Here you see a code that makes sure that only one thread is able to modify the value of the shared variable i . Note that the code uses this as the so-called "lock object". You may rewrite the code in the following way:

public class SynchronizedCounter {
  private int i = 0;

  public void increment() {
    synchronized(this) {
      i++;
    }
  }

  public void decrement() {
    synchronized(this) {
      i--;
    }
  }

  public int value() {
    synchronized(this) {
      return i;
    }
  }
}

Or you may want to create your own lock object and use it:

public class SynchronizedCounter {
  private int i = 0;
  private Object lock = new Object();

  public void increment() {
    synchronized(lock) {
      i++;
    }
  }

  public void decrement() {
    synchronized(lock) {
      i--;
    }
  }

  public int value() {
    synchronized(lock) {
      return i;
    }
  }
}

Now any number of threads may call the methods of this object randomly, but only one thread at one time will be able to pass the lock and do the actual modification.
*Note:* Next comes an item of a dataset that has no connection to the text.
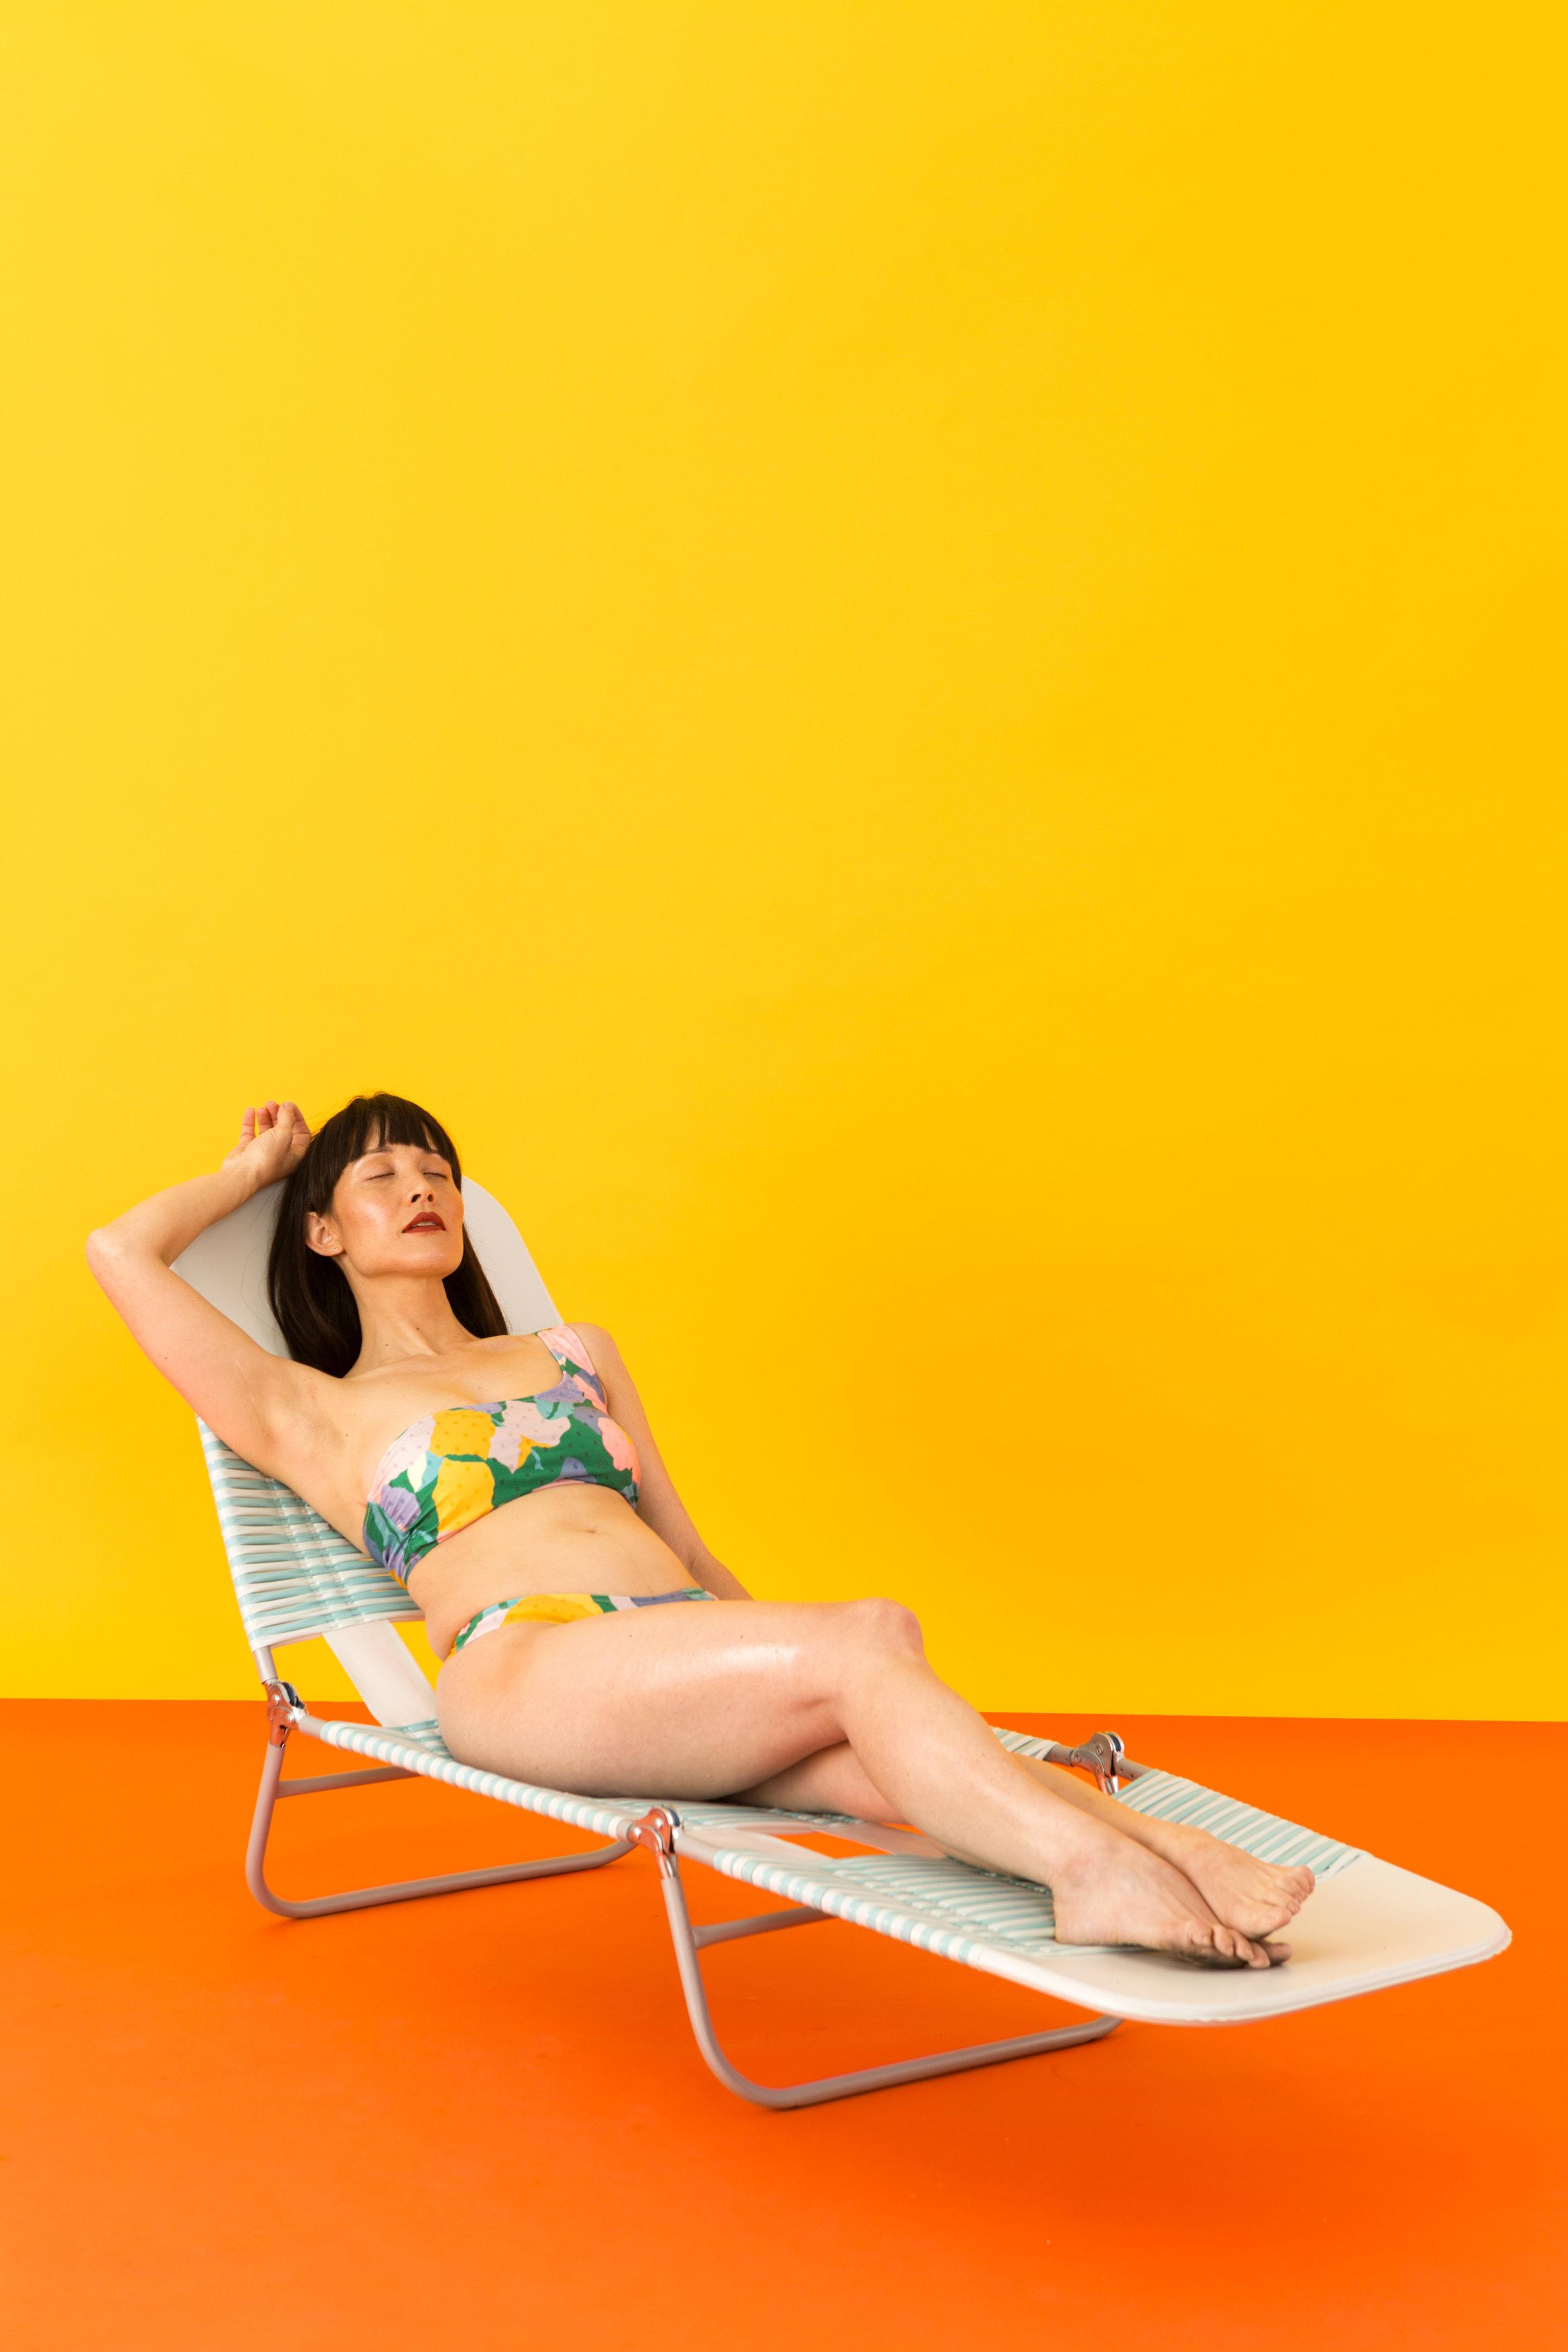 Swimsuit_Guide_004 (1).jpg

[1] http://docs.oracle.com/javase/tutorial/essential/concurrency/syncmeth.html

Answer 3

Or you could do it something like this. The manager class is aware of the position of both threads, and the moveTo method checks that they don't coincide at the same location.

class MazeManager {
  int x1, x2, y1, y2;

  public synchronized boolean moveTo(int threadId, int x, int y) {
    ..
  }
}

Answer 4

Have the class that manages the maze force the threads to synchronize through itself, and make requests to change their position. The maze manager can then allow or deny requests to move based on the position of other threads.

Answer 5

Like Sanjay says, prevention is better than cure. You can partition the cells traversed by the two robots such that they never share the same cell. If that is not possible, the cure is to use locks for each of the cells. Robots obtain the corresponding lock before moving into the cell and release the lock when done. This will cause a robot to wait if it is trying to enter the same cell as another robot. This is a more decentralized approach than having the maze manager control the moves and will result in less contention.